- THE TASK:
When the line with "Как сообщали организаторы, на" turns up below, begin repeating exactly, and carry on through the line with "PANTONE 16-1357 TCX - Bird"; no pictures go into the copy.

- SUPPLIED MATERIAL:
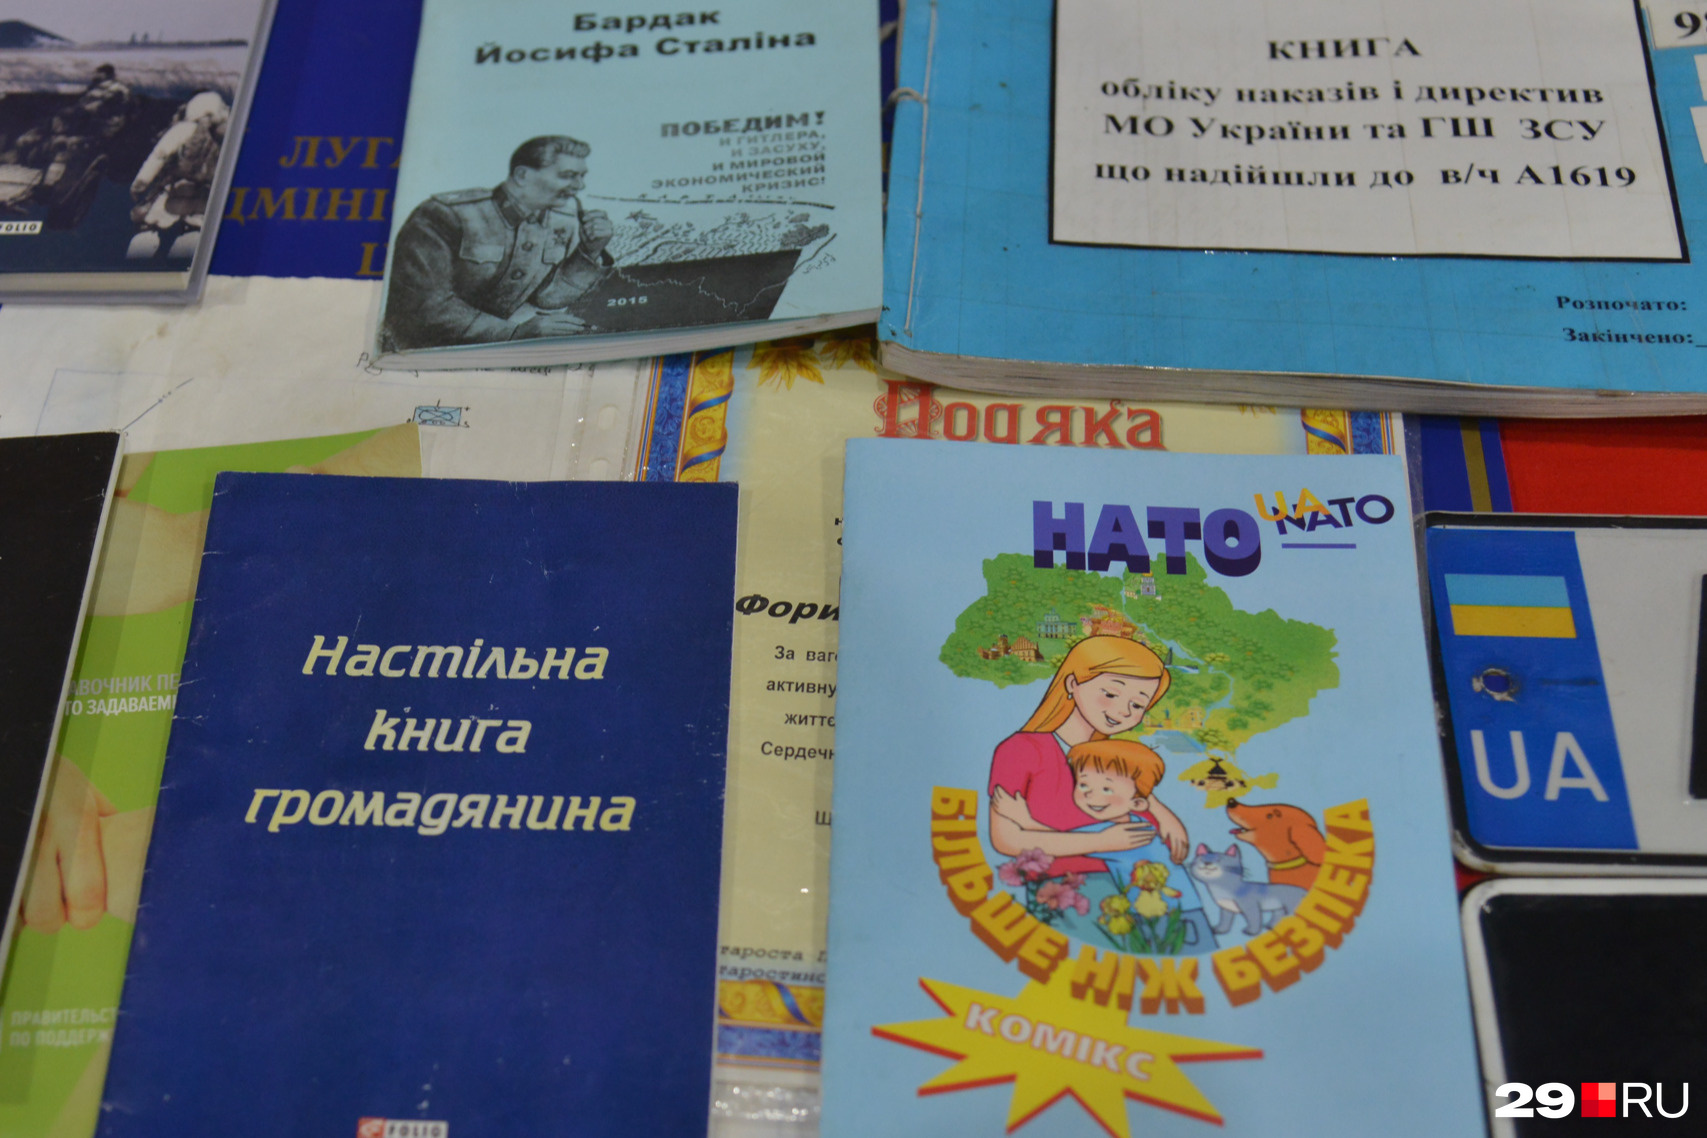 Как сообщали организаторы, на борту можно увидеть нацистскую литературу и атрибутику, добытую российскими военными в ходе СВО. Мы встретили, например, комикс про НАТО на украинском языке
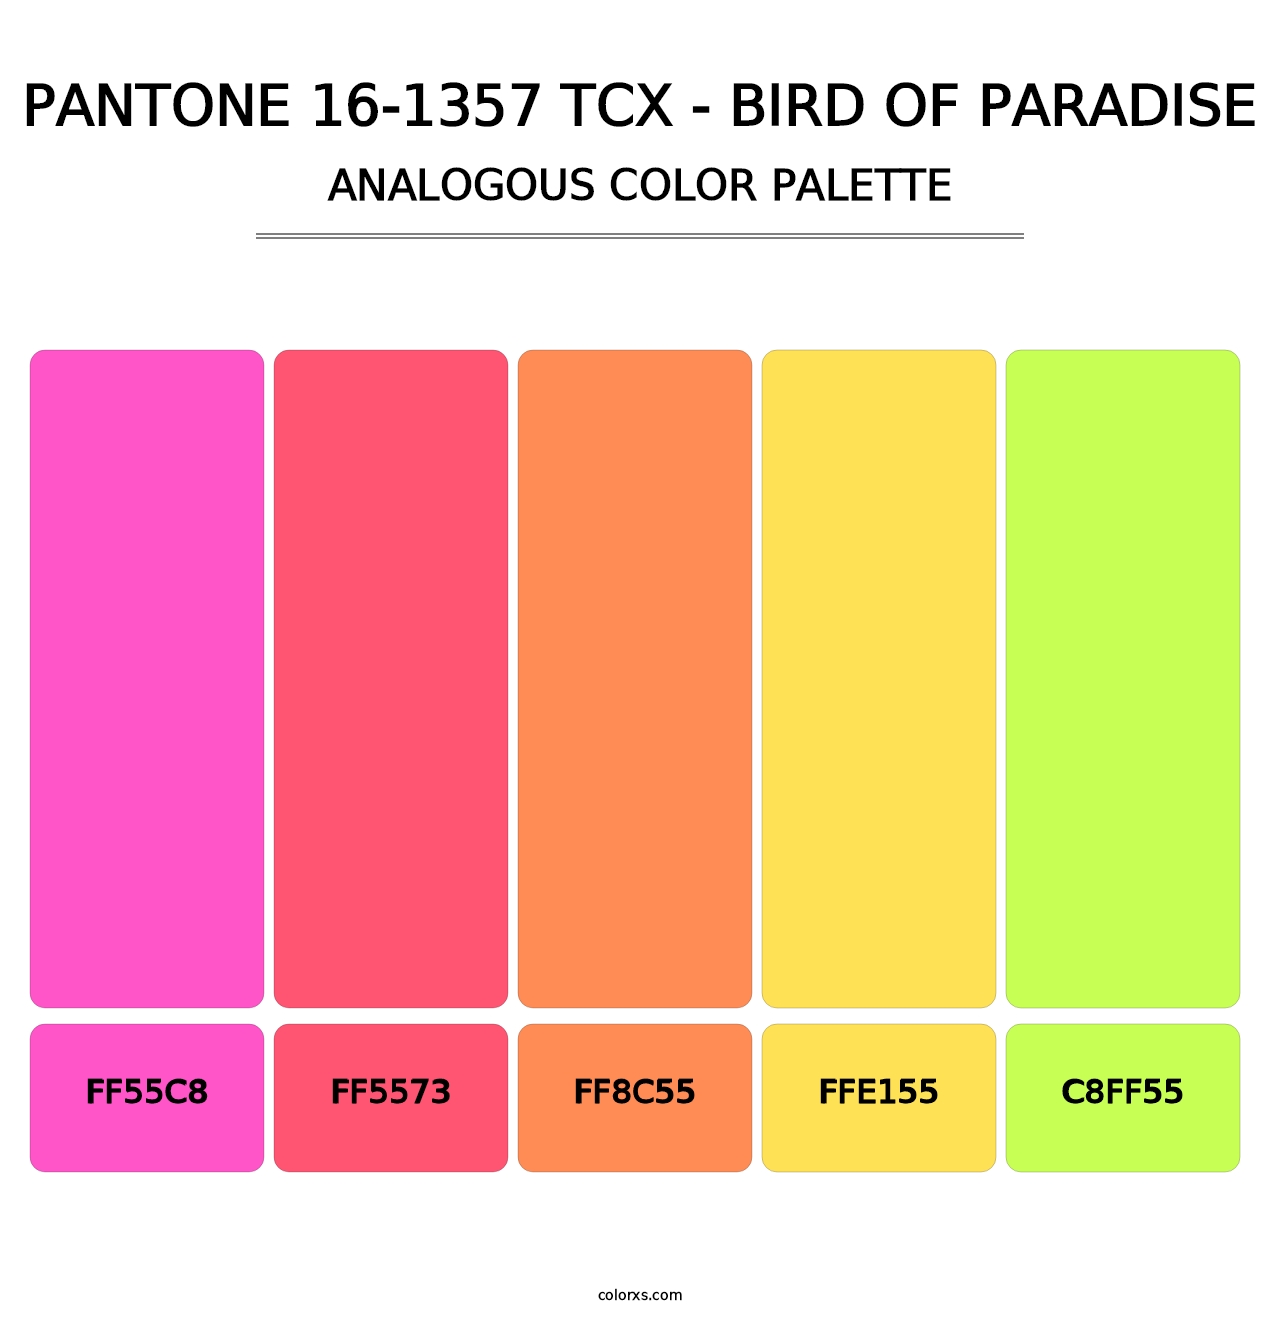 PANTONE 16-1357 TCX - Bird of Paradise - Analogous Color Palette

---

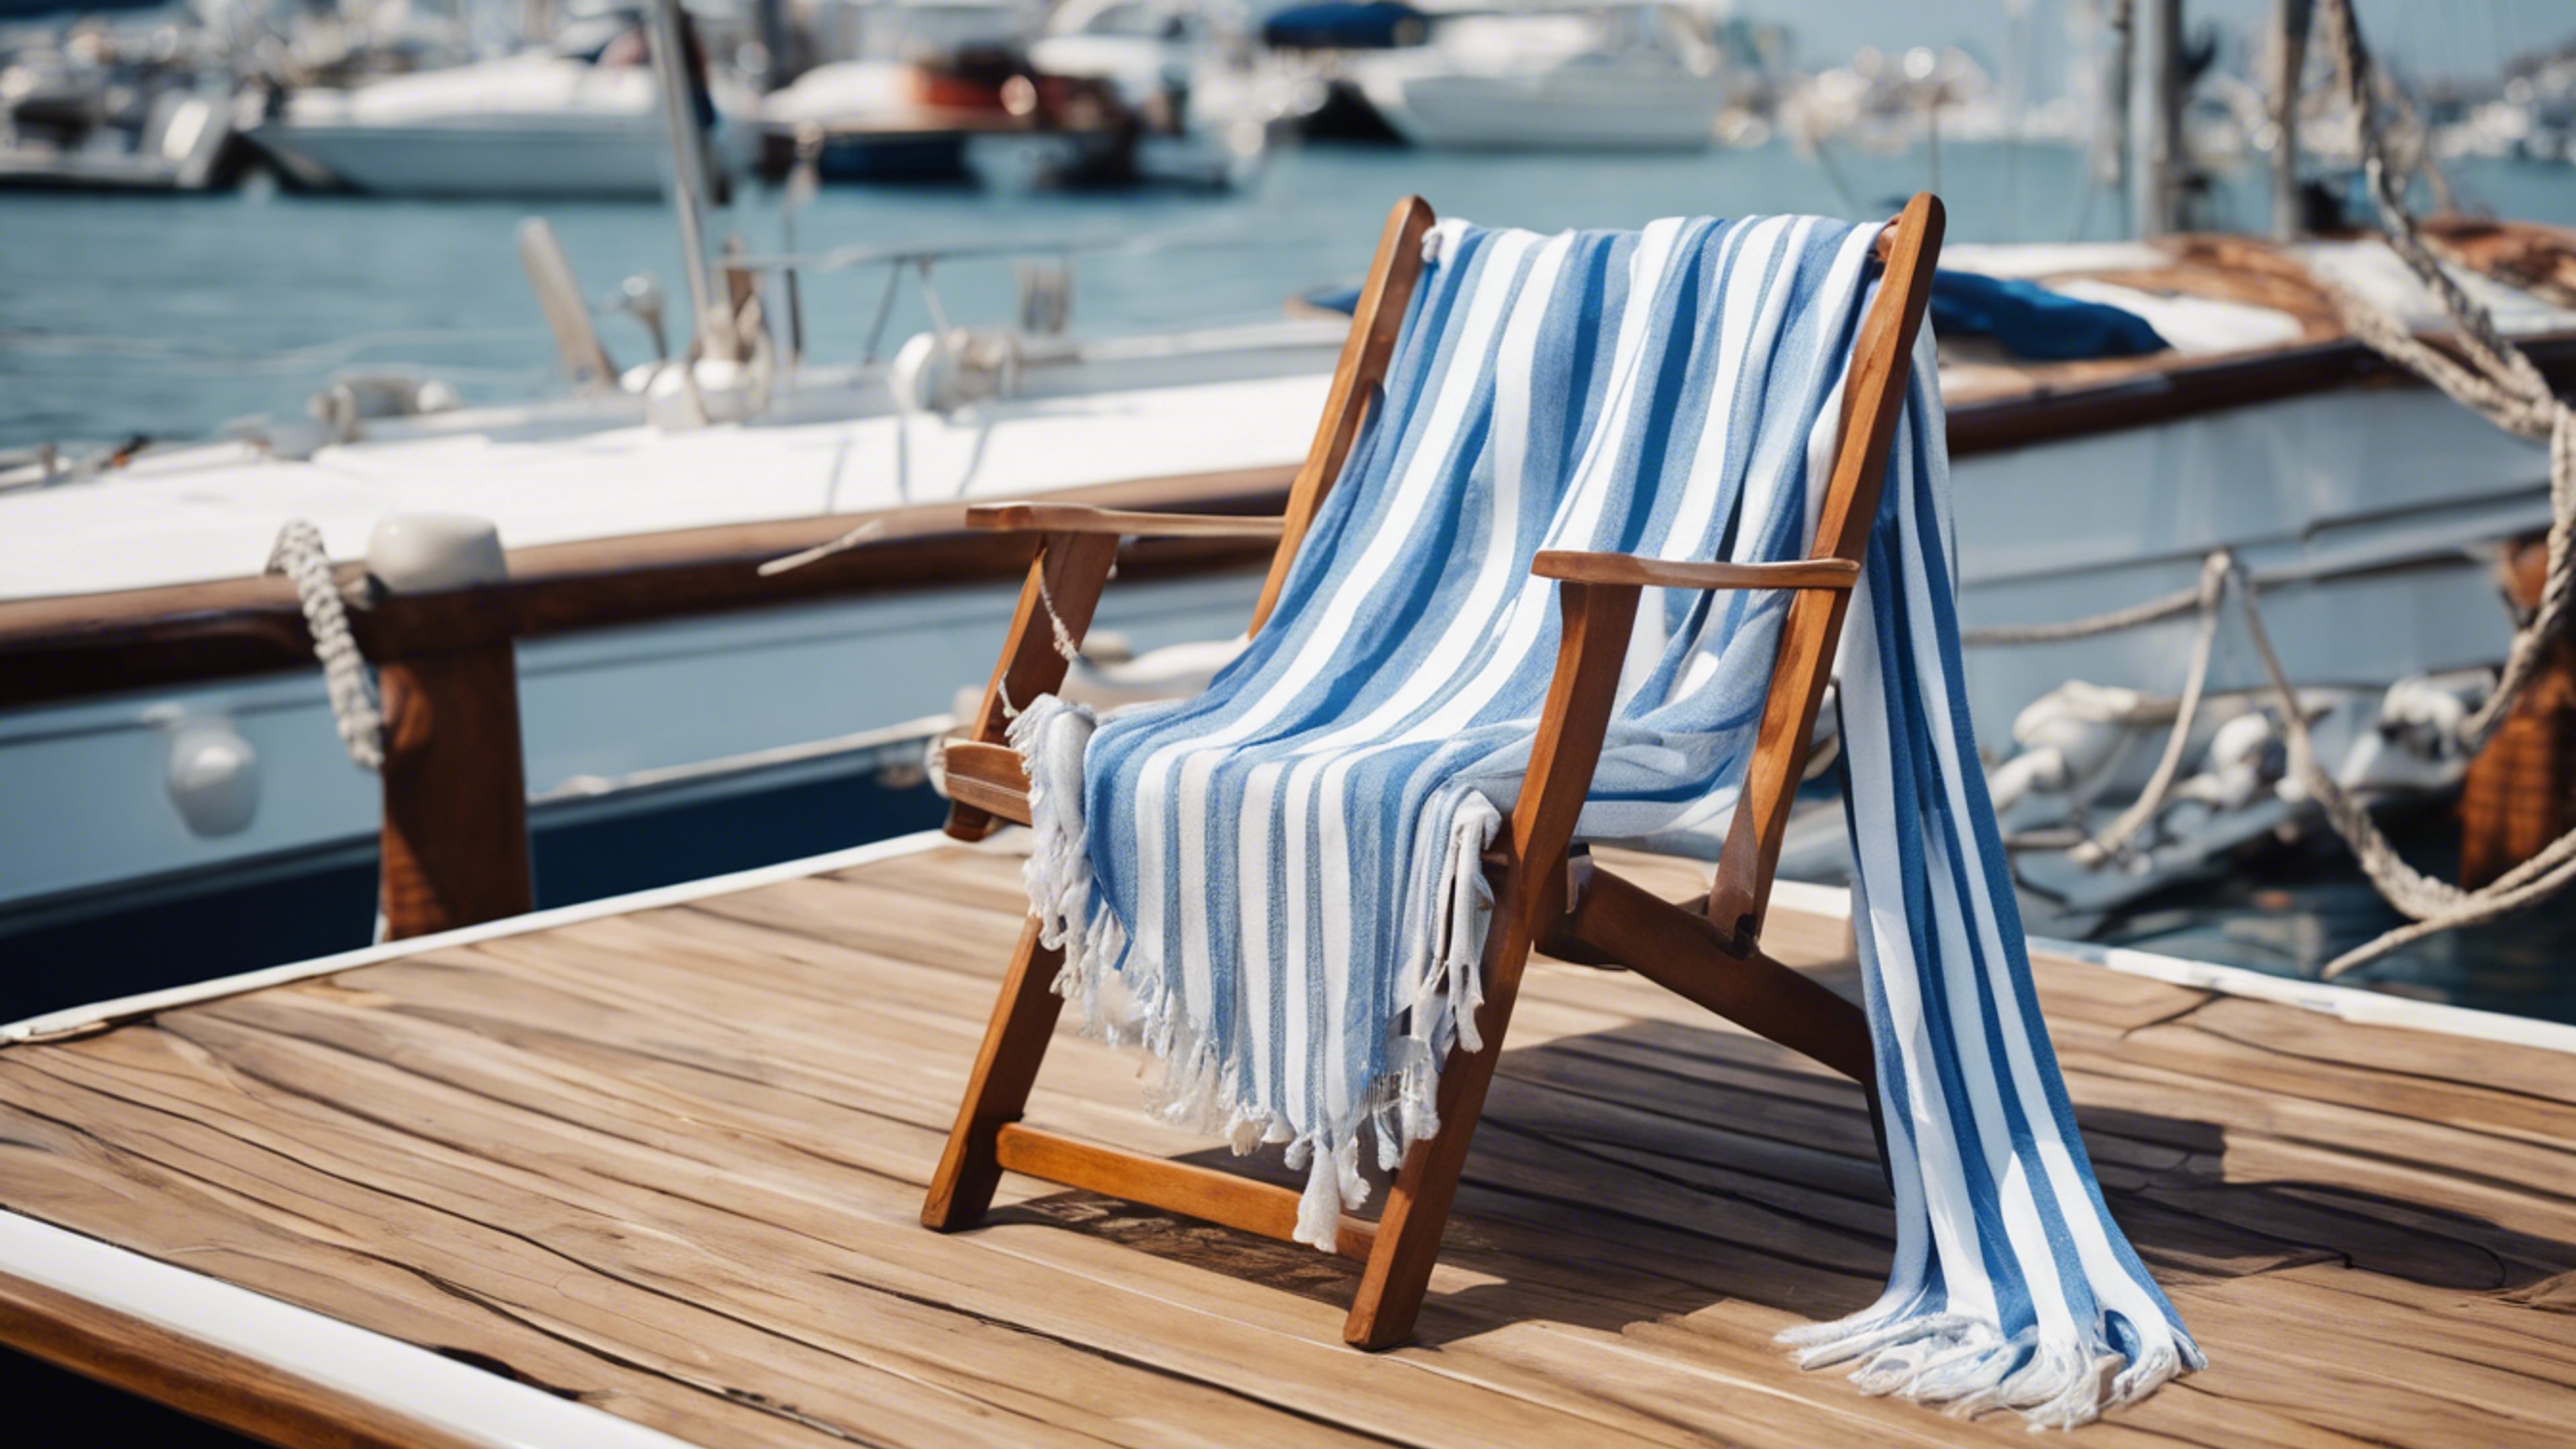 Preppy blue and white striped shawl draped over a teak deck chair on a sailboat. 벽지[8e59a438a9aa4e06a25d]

- RESULT BELOW:
 Как сообщали организаторы, на борту можно увидеть нацистскую литературу и атрибутику, добытую российскими военными в ходе СВО. Мы встретили, например, комикс про НАТО на украинском языке
 PANTONE 16-1357 TCX - Bird of Paradise - Analogous Color Palette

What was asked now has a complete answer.